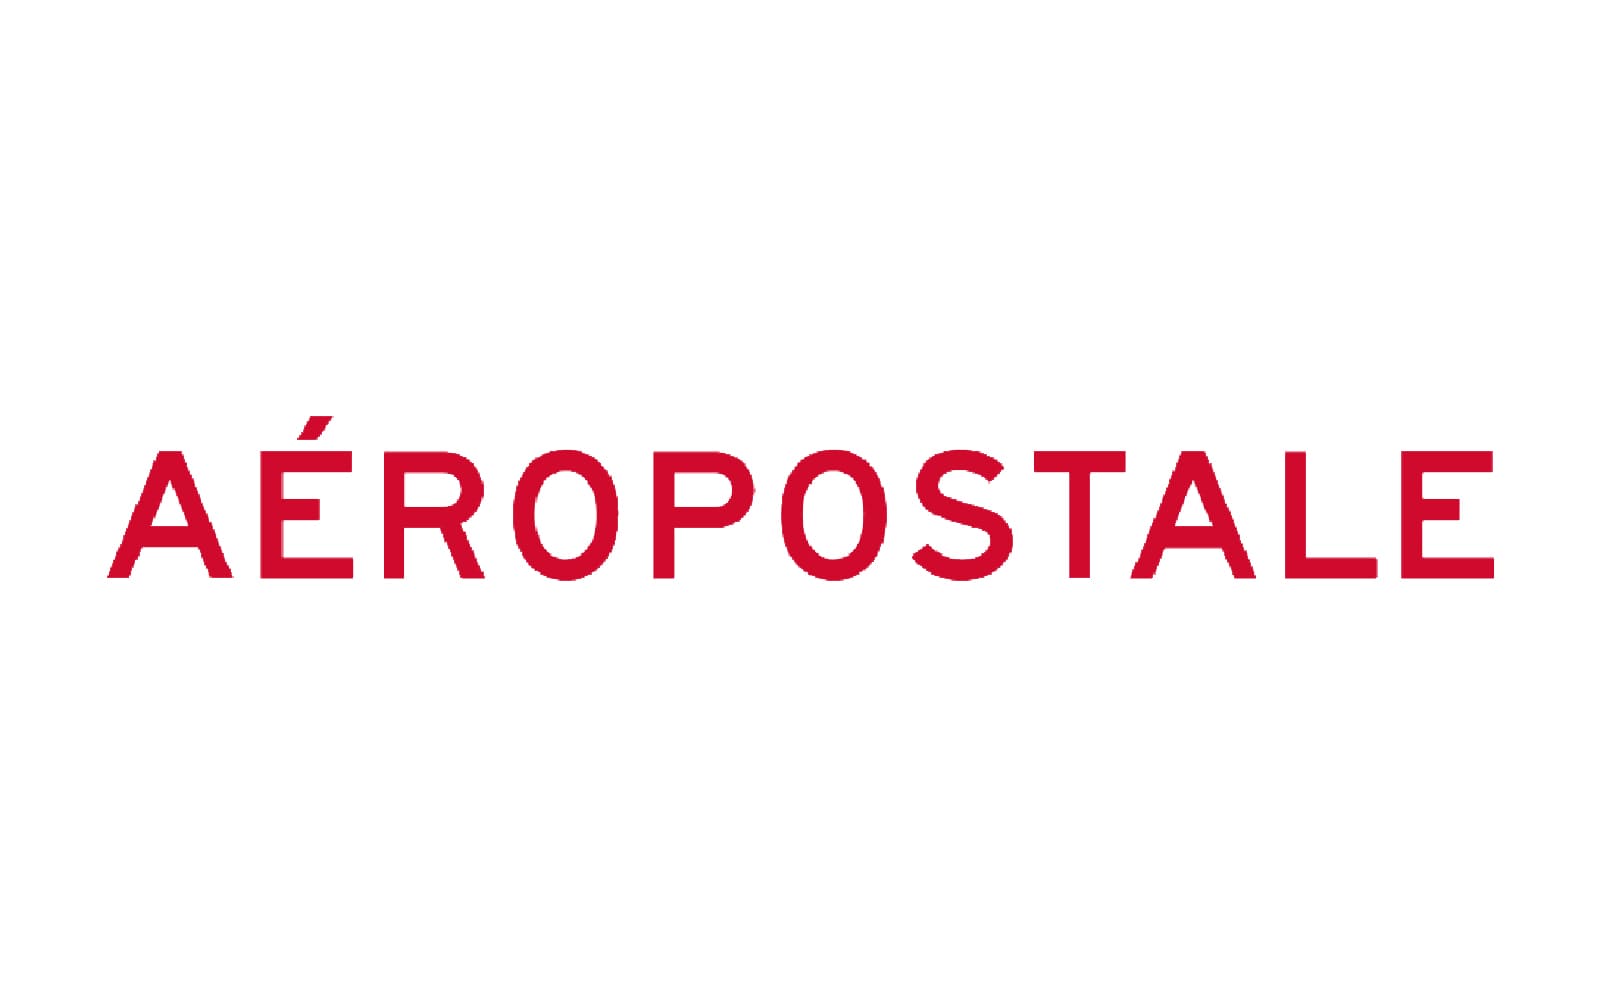 The History of Aeropostale
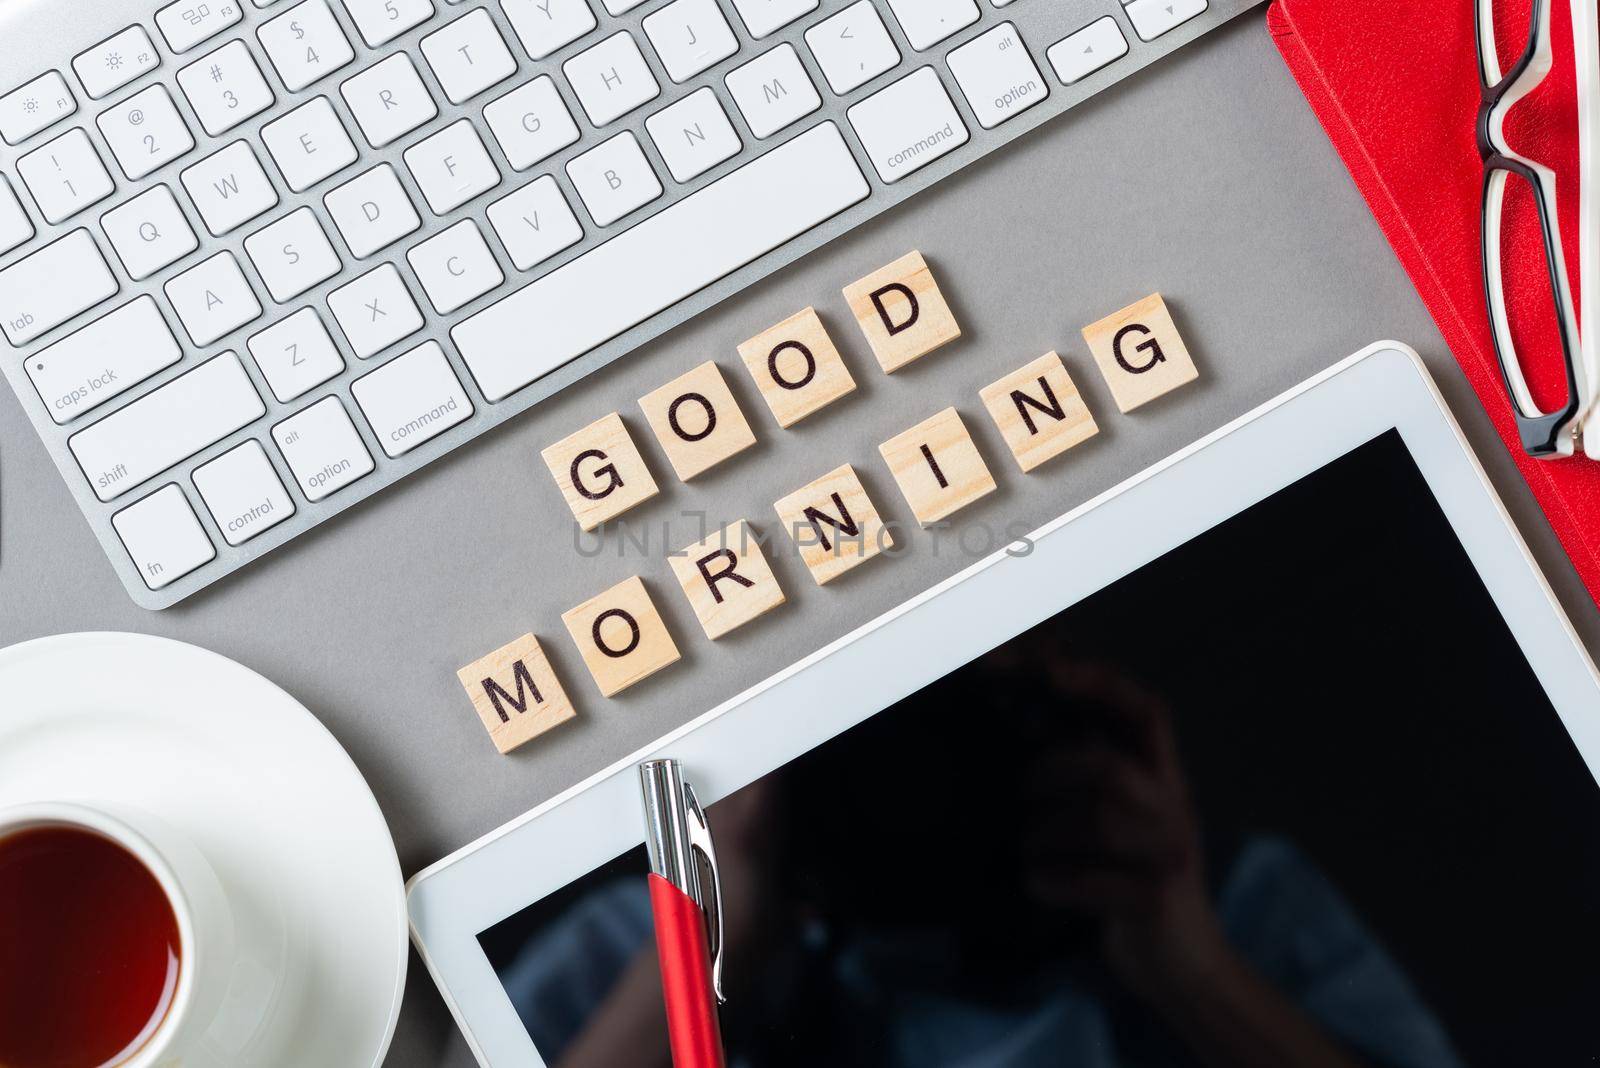 Good morning message with letters on wooden cubes. Still life of workspace with supplies. Flat lay grey surface with computer keyboard and cup of tea. Morning greeting phrase and motivation.
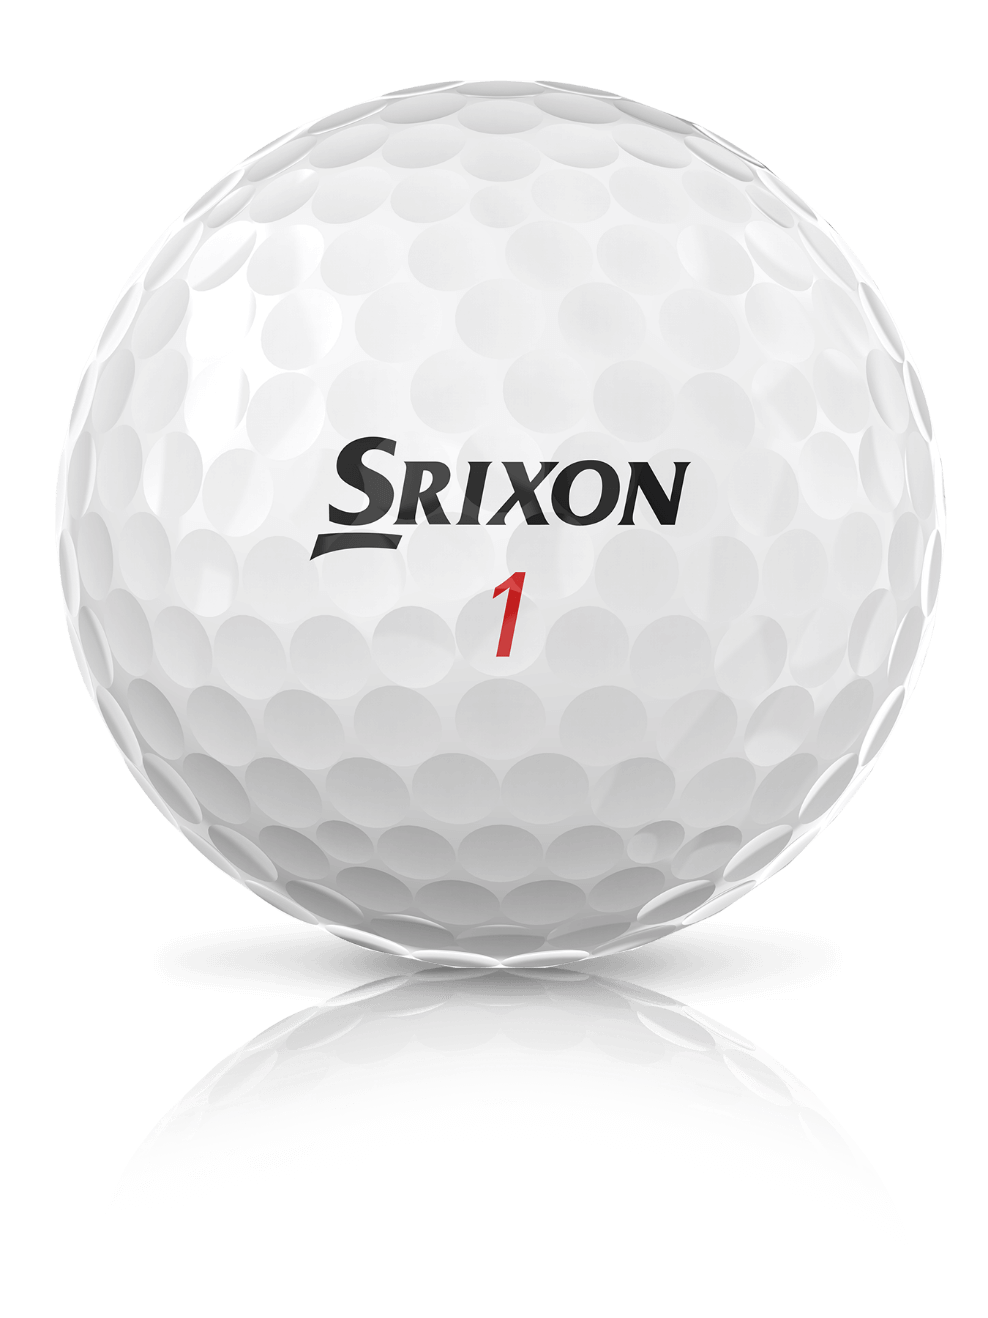 WHICH SRIXON GOLF BALL IS RIGHT FOR YOU?

WORK ORDER: A verbatim copy of the listing, with all pictures removed, is required.

WRITTEN SOLUTION:
 The History of Aeropostale
 Good morning message with letters on wooden cubes. Still life of workspace with supplies. Flat lay grey surface with computer keyboard and cup of tea. Morning greeting phrase and motivation.
 WHICH SRIXON GOLF BALL IS RIGHT FOR YOU?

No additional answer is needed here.